In your time here with us, you gained other survival strengths as well: analytic skills, flexibility, a reflective capacity to question and judge willingness to explore.

How lucky you are to be starting your professional lives today in 2008, when career rides can, indeed, be an adventure. How lucky you are to be fully equipped for that ride. Moreover, as one man who appeared on Roadtrip Nation pointed out, The great advantage you have at your age is that nothing is forever. You can change as many times as you want. Subject to chance, you are also wide open to choice and ready to benefit from Da Ponte's own life-long guiding principle: Dare all. Hope all.

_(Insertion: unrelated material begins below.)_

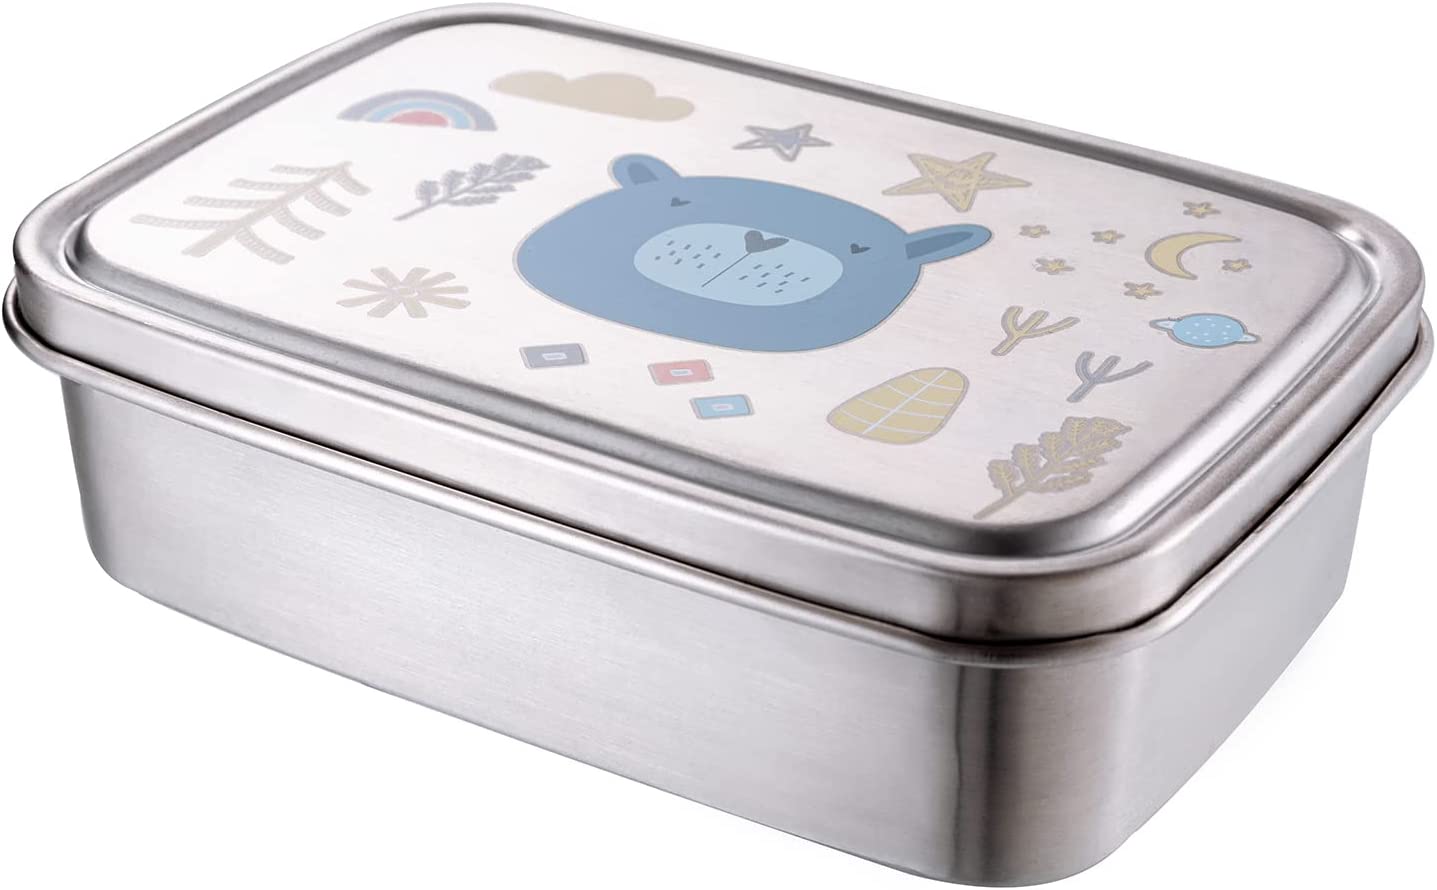 Stainless Steel Lunch Box & Drinking Cup - Kuru Store

But no matter how many careers you launch or jobs you eventually hold, promise me—promise yourself—that to each one, you will bring every ounce of your effort, intelligence and talent, just as Lorenzo Da Ponte did. Whatever you do, in jobs lofty or humble, worthwhile or wretched—or both—do it to the best of your ability and sensitivity. Rejoice in your work—all of it. Let it test you, stretch you, galvanize your ingenuity, so that you grow and discover new strengths in yourself, you may find that you, too, can write libretti or for that matter, rap!

You may find that you are capable of far more than you ever dreamed! I wish you much joy in your journey and I wish you all Godspeed.

It is now my pleasure to introduce Kate Betts, whose own talent, wit and drive has taken her to some of fashion journalism's top positions and made her one of the country's leading voices in the field. Her own career ride started in Paris over 20 years ago where she eventually became Fairchild publications Paris bureau chief and managed Women's Wear Daily, W and M magazines. Back in the United States, she was—-for 8 years—fashion news director of Vogue, and then became editor in chief of Harpers Bazaar— the youngest editor ever to take over a fashion magazine. Today, Ms. Betts is editor of Time Style and Design—and her discerning insights can also be found in the weekly editions of Time. Please join me in welcoming her.